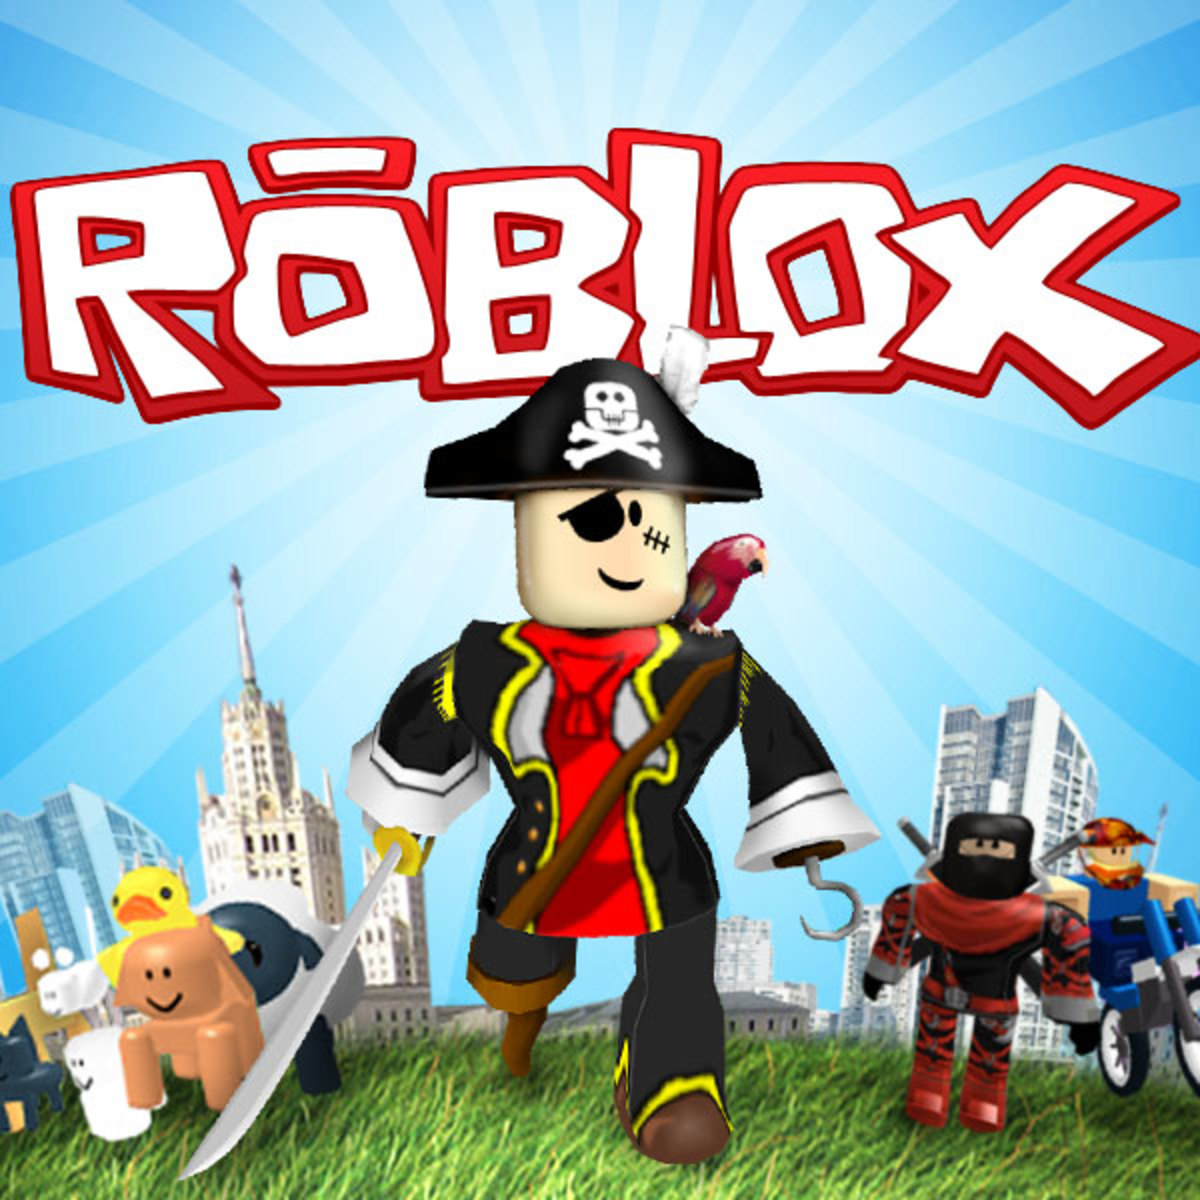 18 Games Like Minecraft Free And Paid Fun Sandbox Building Games Hubpages - roblox aether commands list r bown hack robux
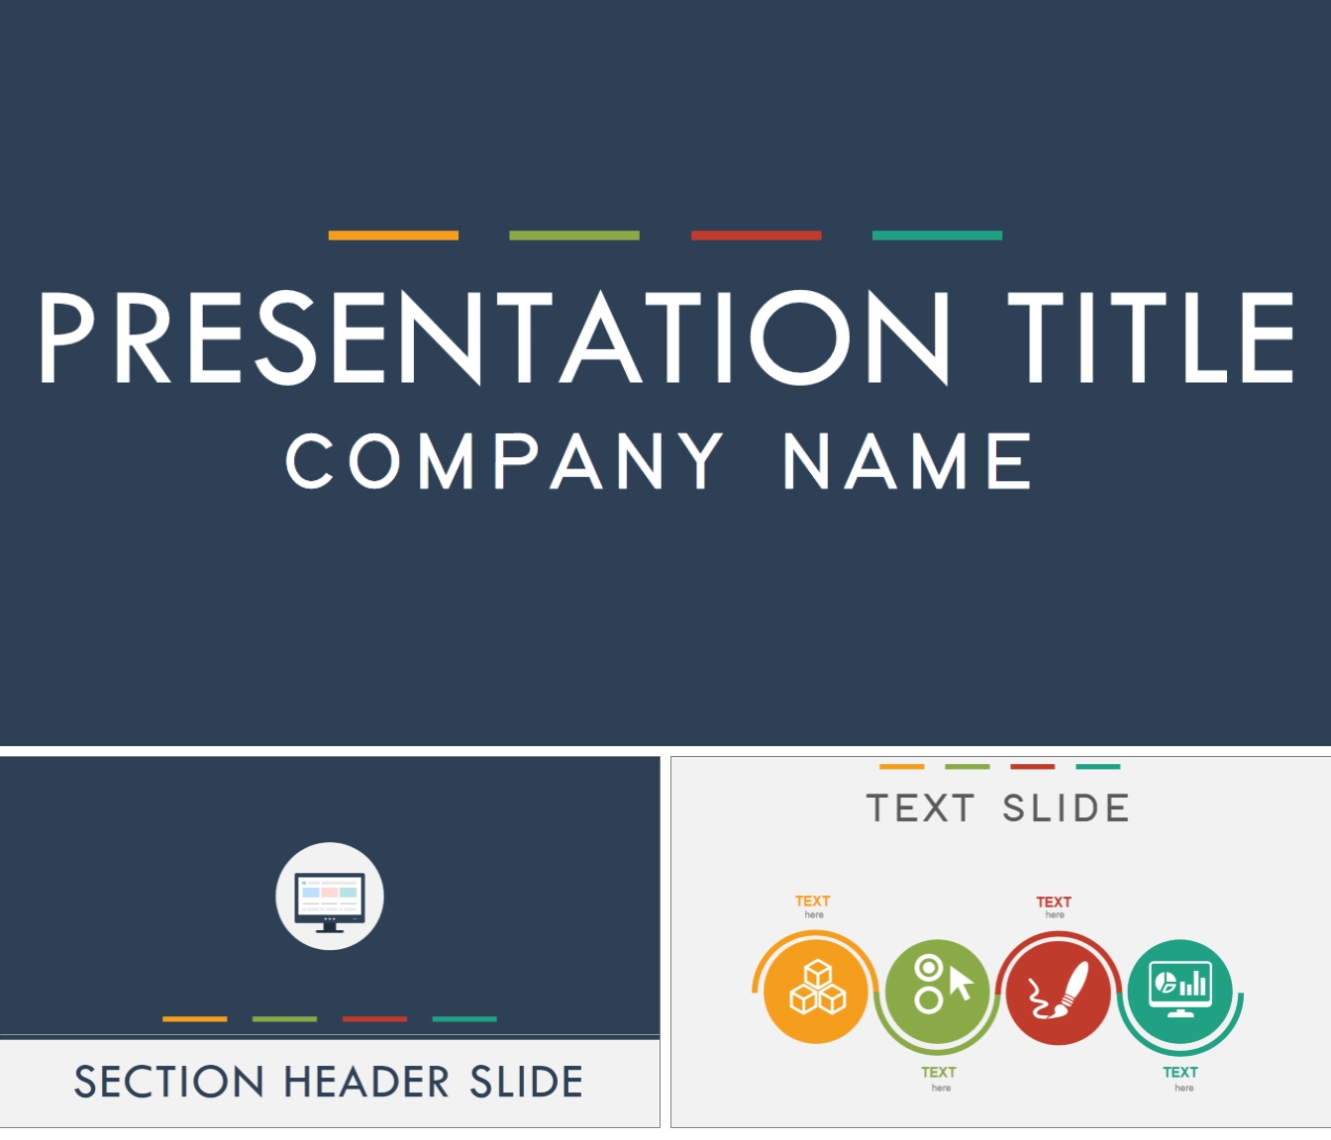 7 Amazing Powerpoint Template Designs For Your Company Or Personal Use Intended For How To Design A Powerpoint Template
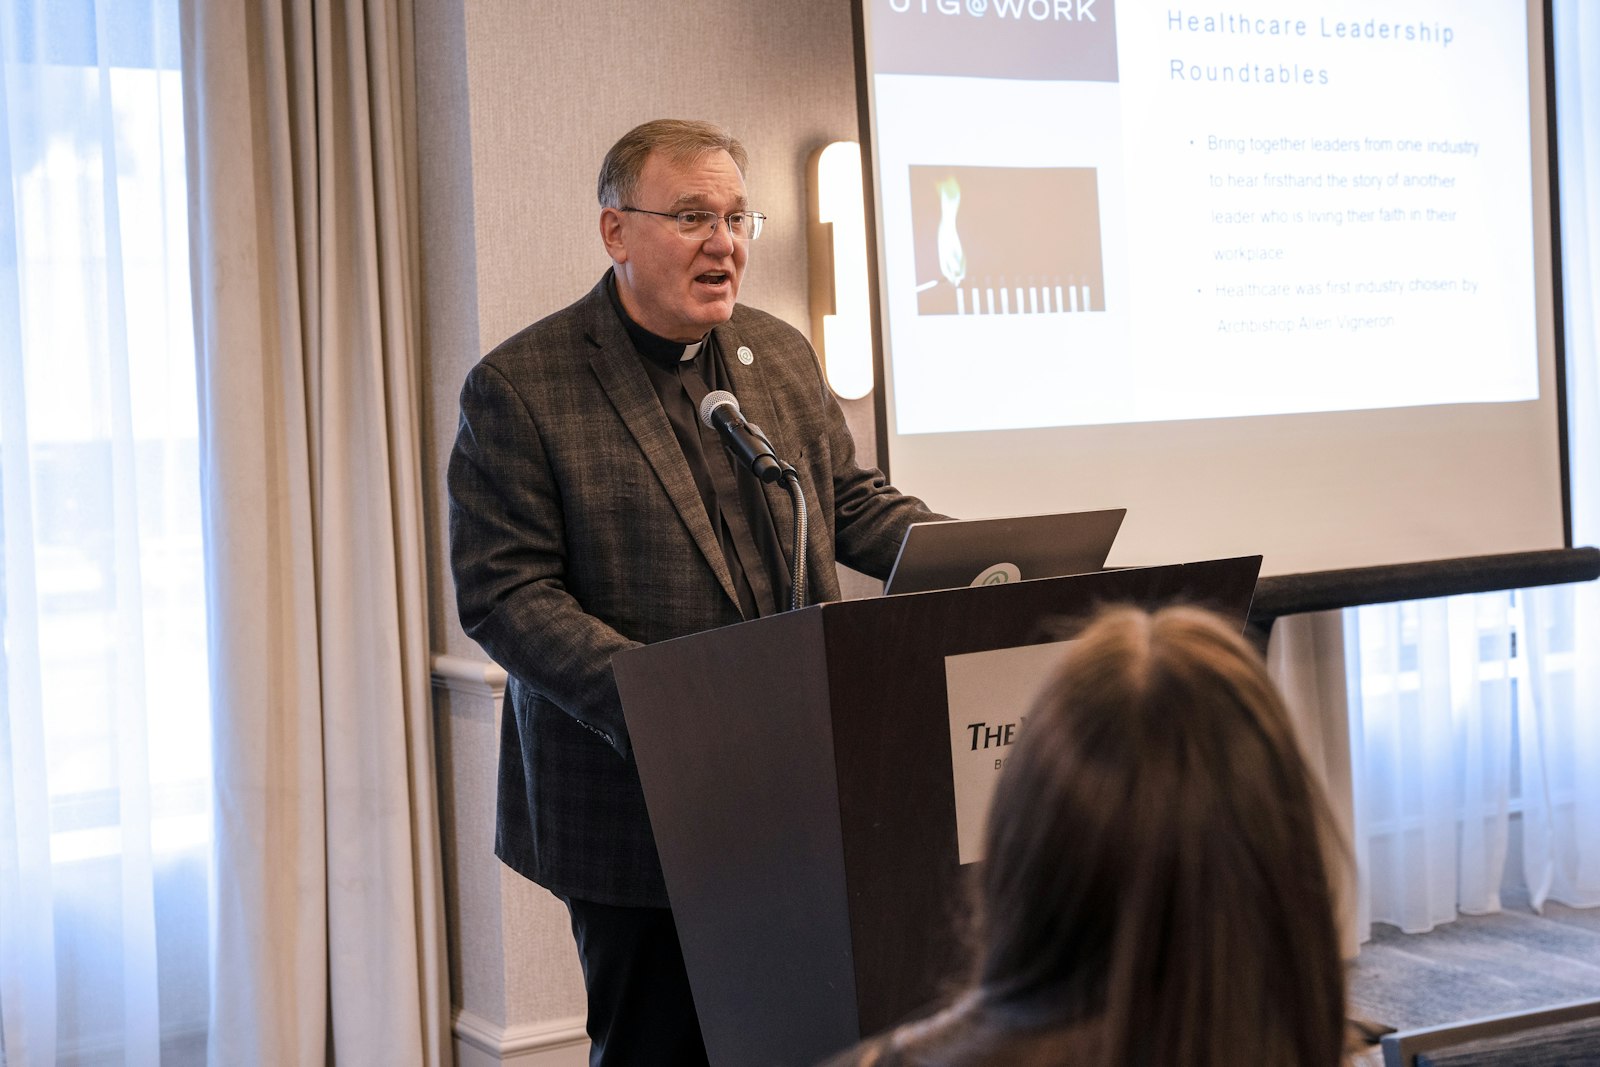 UTG at Work is led by Deacon Michael Houghton (pictured), former director of missionary strategic planning for the Archdiocese of Detroit, and Mary Martin, a former coach and team leader in the department.
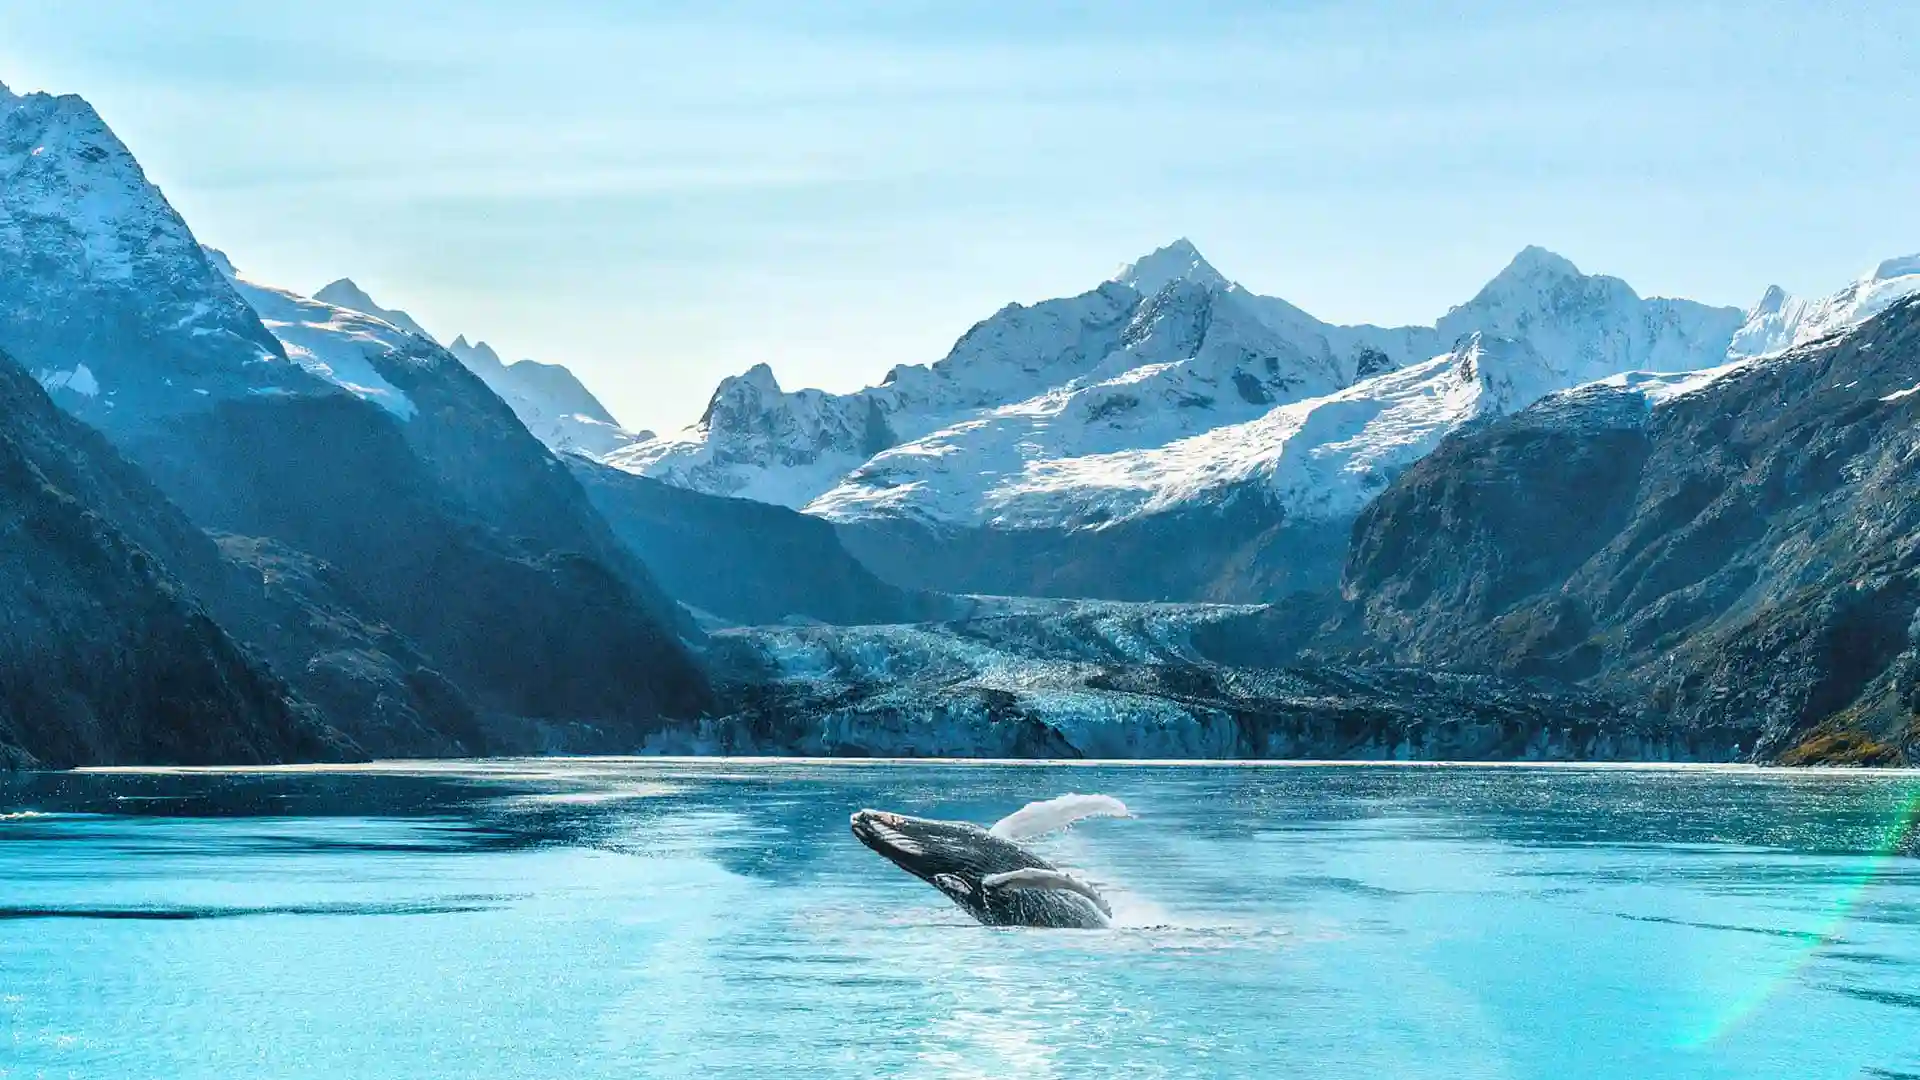 Whale jumping out of water in Glacier Bay, Alaska, surrounded by snowcapped mountains.
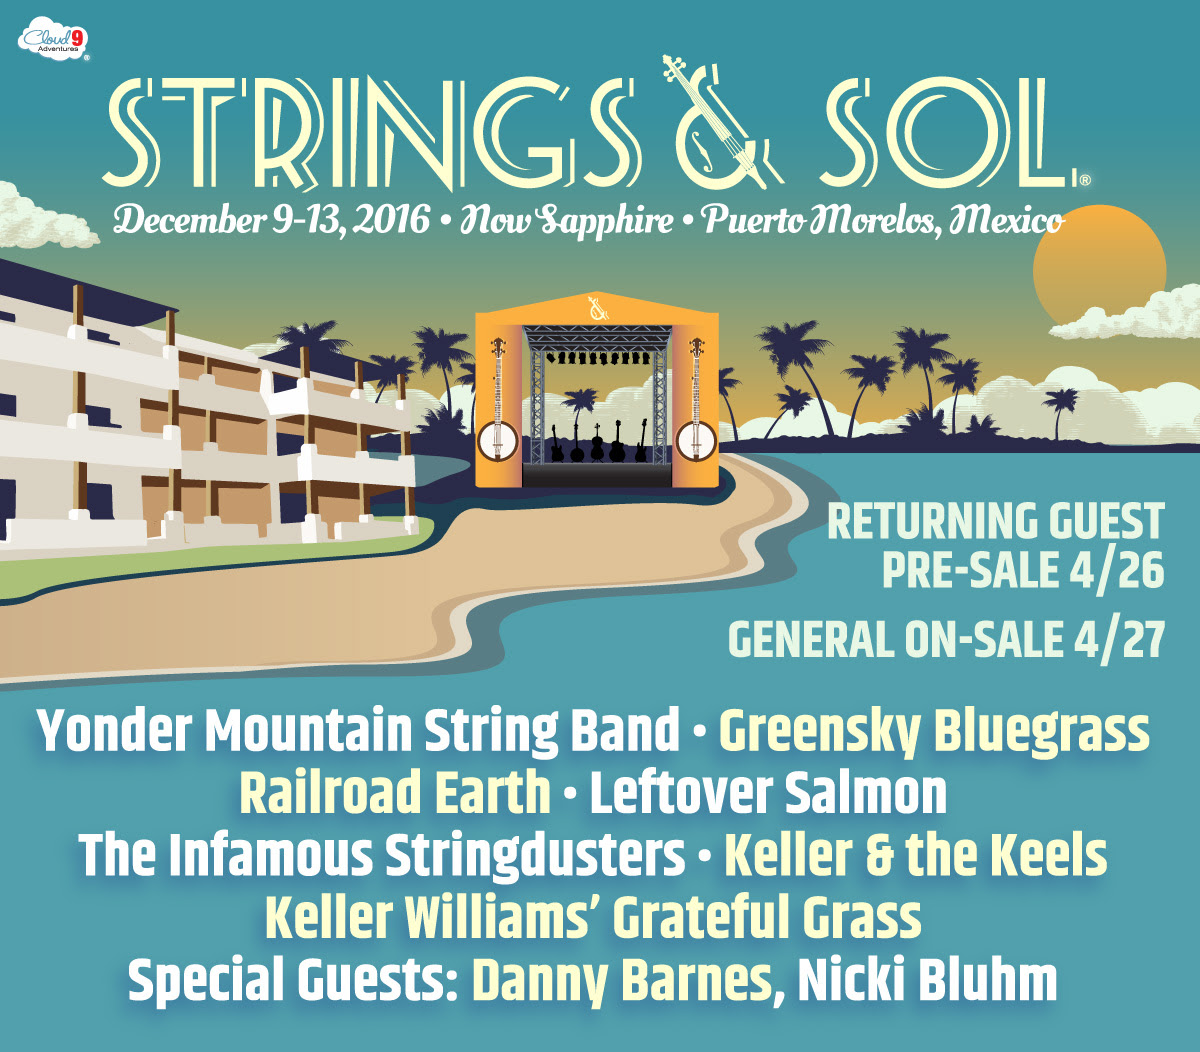 Strings & Sol 2016 acoustic lineup. Photo provided by: Strings & Sol

****

TO DO: All that is needed is an exact copy of the lines from the top of the entries through the line containing "7 Amazing Powerpoint", pictures left out.

EXERCISE OUTPUT:
 18 Games Like Minecraft Free And Paid Fun Sandbox Building Games Hubpages - roblox aether commands list r bown hack robux
 7 Amazing Powerpoint Template Designs For Your Company Or Personal Use Intended For How To Design A Powerpoint Template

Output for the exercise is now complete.